In some embodiments, the cellulase composition is a non-natural cellulase composition and comprises a chimeric / hybrid / fusion of two or more β-glucosidase sequences, wherein the first β-glucosidase sequence is at least about 200 Consisting of amino acid residues, about 60% (eg, about 65%, 70%, 75%, 80) for Fv3C consecutive sequences (SEQ ID NO: 60) of the same length (for the first β-glucosidase sequence) %) Or greater sequence identity, wherein the second β-glucosidase sequence consists of at least about 50 amino acid residues in length and comprises SEQ ID NOs: 54, 56, 58, 62, 64, 66, 68, 70, 72, At least 60% (eg, at least about 65%, 70%, 75%, for consecutive sequences of the same length (for the second β-glucosidase sequence) of any of 74, 76, 78, and 79, 80%) comprises sequence identity, or comprises the polypeptide sequence motif of SEQ ID NO: 170. In some embodiments, the first β-glucosidase sequence is at the N-terminus of the chimeric polypeptide, while the second β-glucosidase sequence is at the C-terminus of the chimeric polypeptide. In some embodiments, the cellulase composition is a whole cell composition. In some embodiments, the cellulase composition is a fermentation broth. In some embodiments, the fermentation broth comprises whole cellulase. In some embodiments, the fermentation broth is cell free fermentation broth.
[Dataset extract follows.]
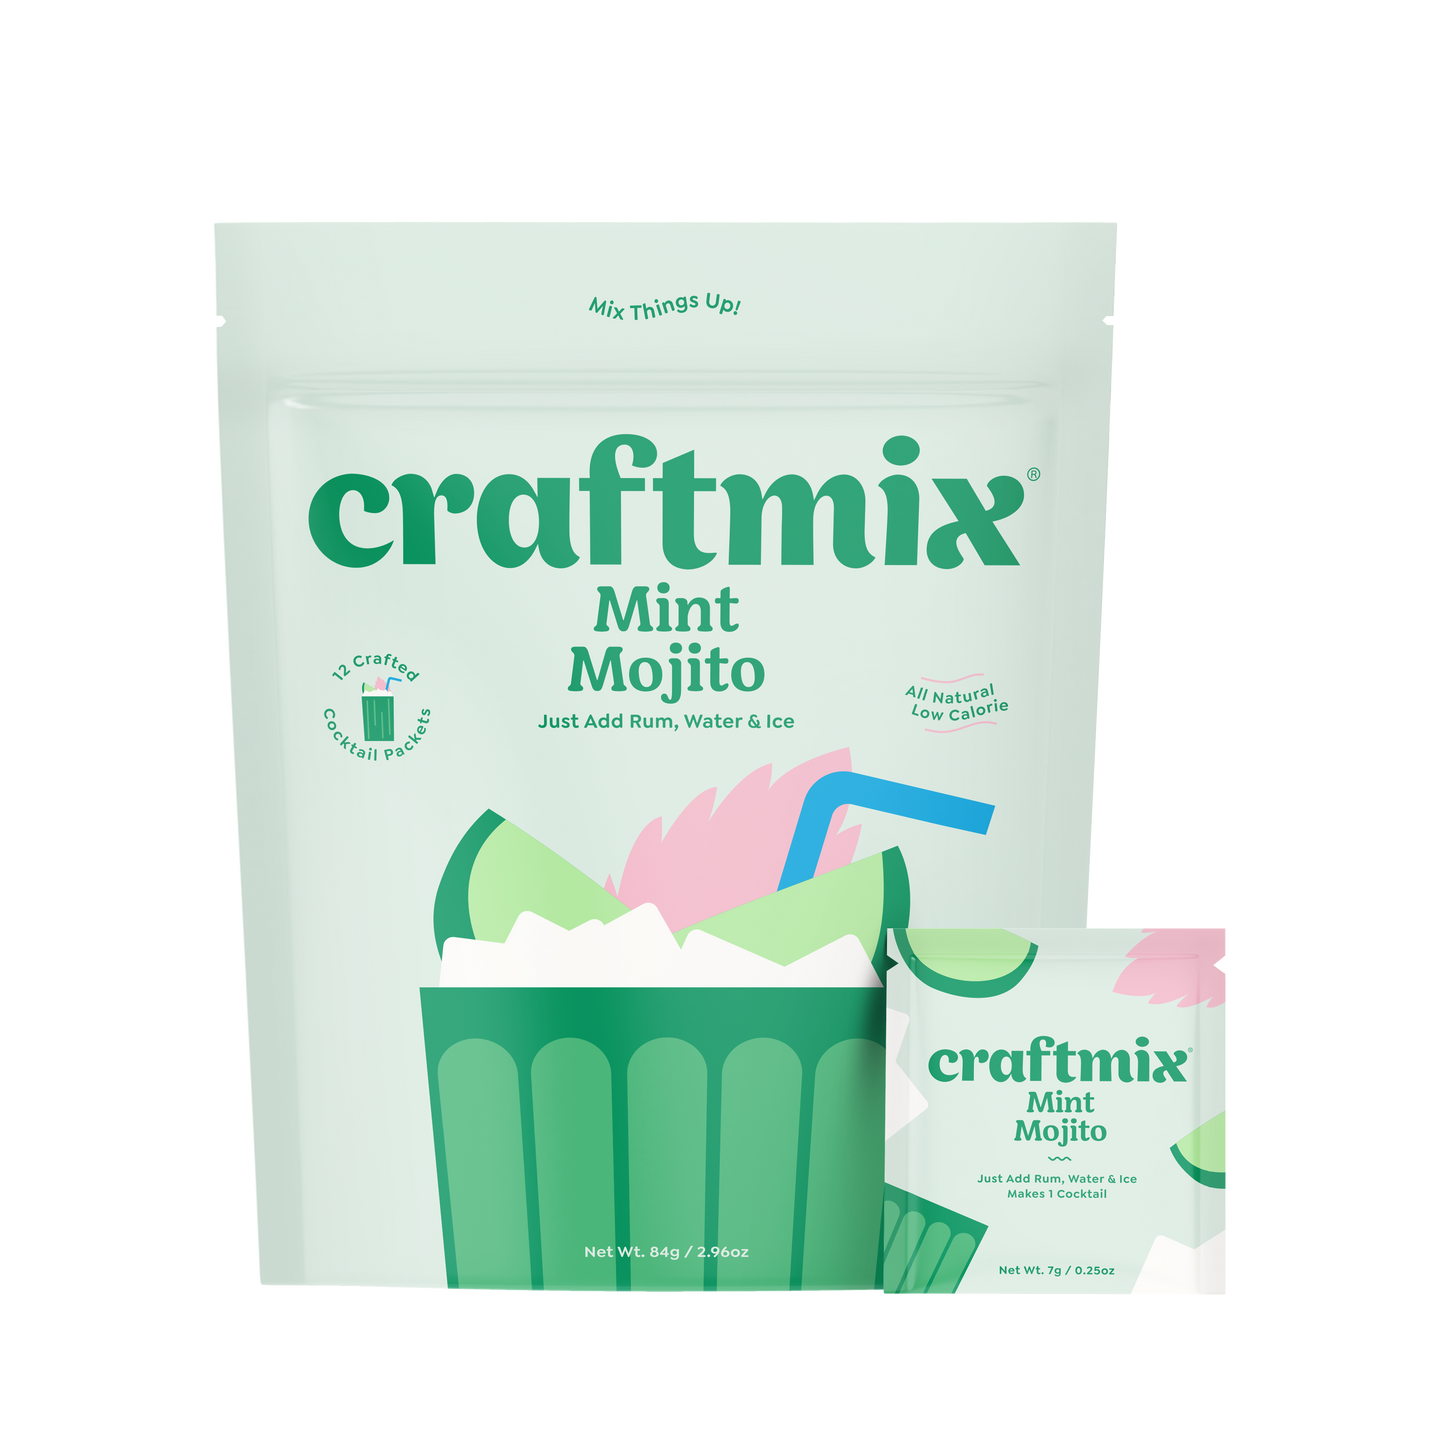 Mint Mojito by Craftmix

In some embodiments, the cellulase composition is a non-natural cellulase composition and comprises a chimera or hybrid of two or more β-glucosidase sequences, wherein the first β-glucosidase sequence is at least about 200 amino acid residues in length. For the same length (first β-glucosidase sequence of any one of SEQ ID NOs: 54, 56, 58, 62, 64, 66, 68, 70, 72, 74, 76, 78, and 79) ) Comprises at least about 60% (eg, about 65%, 70%, 75%, 80%) sequence identity to the consecutive sequences, or comprises one or more or all of the polypeptide sequence motifs of SEQ ID NOs: 164-169; , The second β-glucosidase sequence is at least about 50 amino acid residues in length and at least 60% for the Fv3C contiguous sequence (SEQ ID NO: 60) of the same length (for the second β-glucosidase sequence) (Eg, at least about 65%, 70%, 75%, 80%) sequences Includes identity In some embodiments, the first β-glucosidase sequence is at the N-terminus of the chimeric polypeptide, while the second β-glucosidase sequence is at the C-terminus of the chimeric polypeptide. In some embodiments, the cellulase composition is a fermentation broth. In some embodiments, the fermentation broth comprises whole cellulase. In some embodiments, the fermentation broth is cell free fermentation broth.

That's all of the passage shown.